Kural olarak sanık tarafın duruşmada hazır bulunması zorunludur. Zira sanığın savunması alınmadan yargılaması yapılamaz. Usule uygun şekilde ceza davasından ve duruşmadan haberdar edilen sanık mazeretsiz şekilde duruşmada hazır bulunmazsa CMK madde 193/1 hükmü gereğince sanığın zorla getirilmesine karar verilir. Yine bunlar dışında mahkeme, sanığın duruşmada hazır bulunmasına, zorla getirme kararı veya yakalama emriyle getirilmesine her zaman karar verebilir.

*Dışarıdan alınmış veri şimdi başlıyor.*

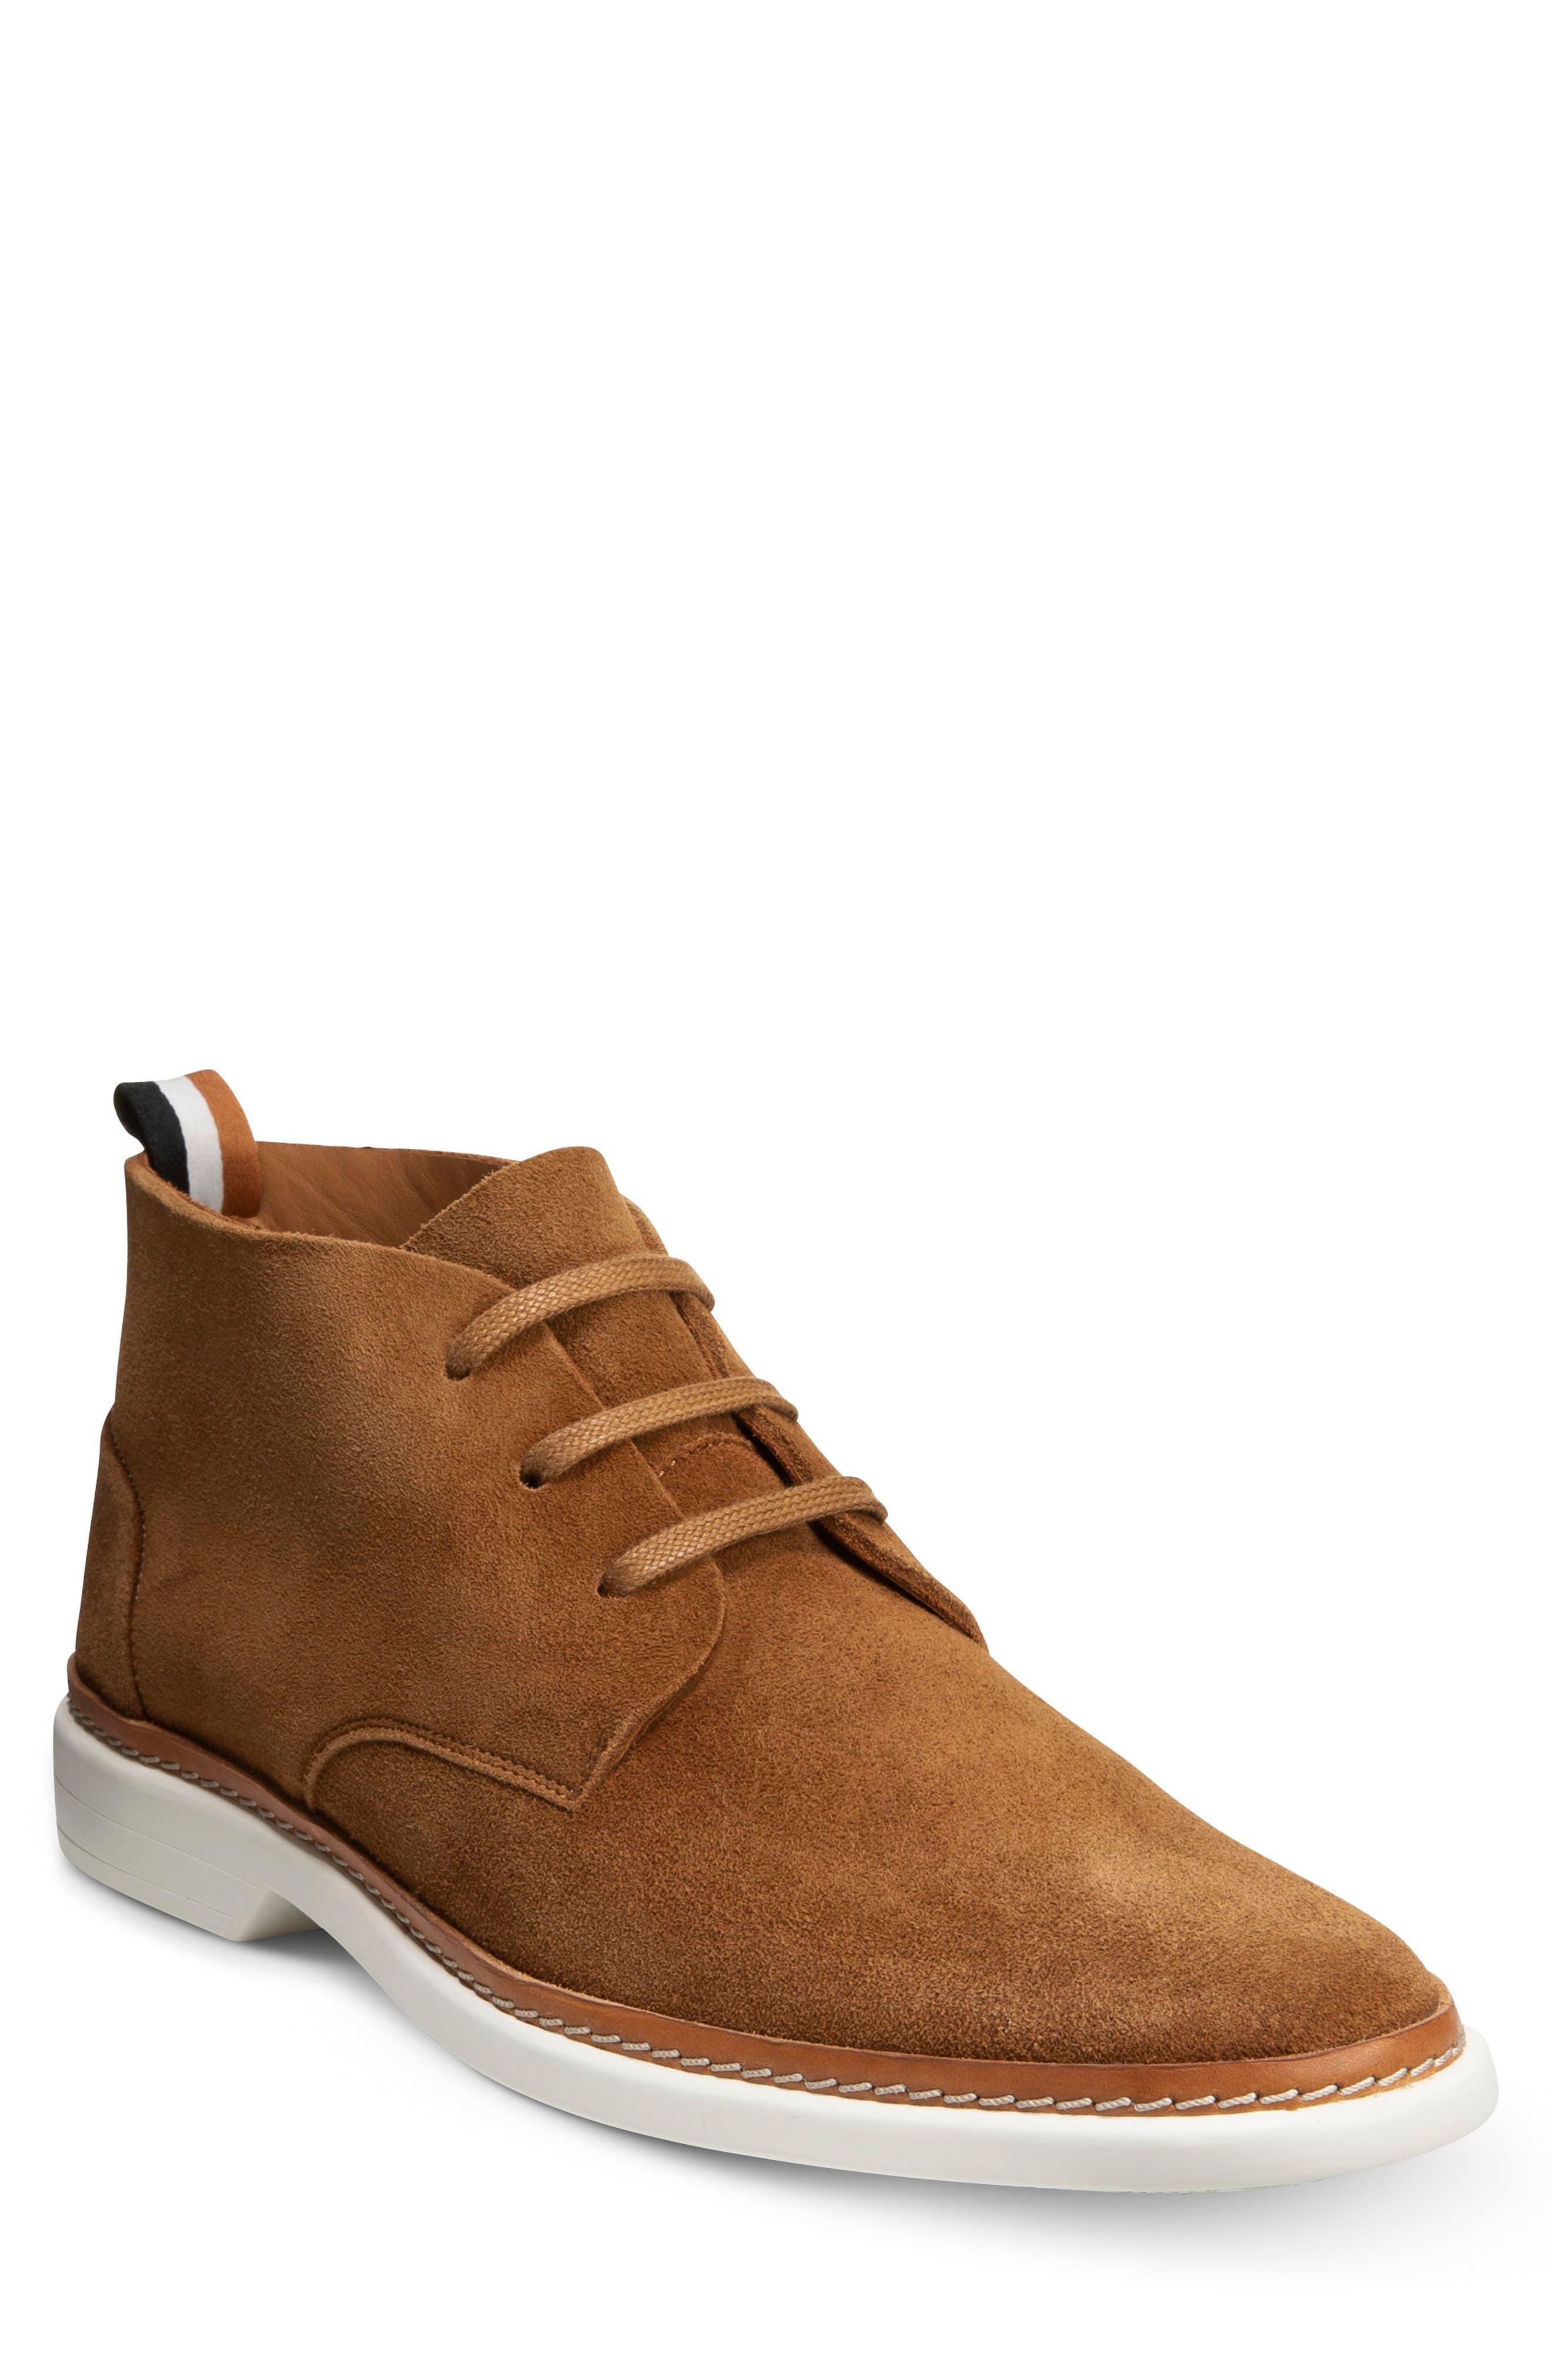 Wilder Chukka Boot

Ancak bu durumun yine istisnaları mevcuttur.
CMK Madde 193
(1) Kanunun ayrık tuttuğu haller saklı kalmak üzere, hazır bulunmayan sanık hakkında duruşma yapılmaz. Gelmemesinin geçerli nedeni olmayan sanığın zorla getirilmesine karar verilir.
Ceza Davalarında Sanık Hazır Bulunmaksızın Duruşma Yapılması
Sanığın duruşmada hazır bulunması kural olarak zorunlu olsa da; CMK hükümleri ile bunun istisnaları da belirtilmiştir.
Buna göre;
- Suçun adli para cezasını veya müsadere cezasını gerektirmesi halinde, sanığa gönderilen çağrı kağıdı ile gelmemesi halinde de duruşmanın yapılacağının bildirilmesi kaydıyla sanık yokluğunda duruşma yapılabilir.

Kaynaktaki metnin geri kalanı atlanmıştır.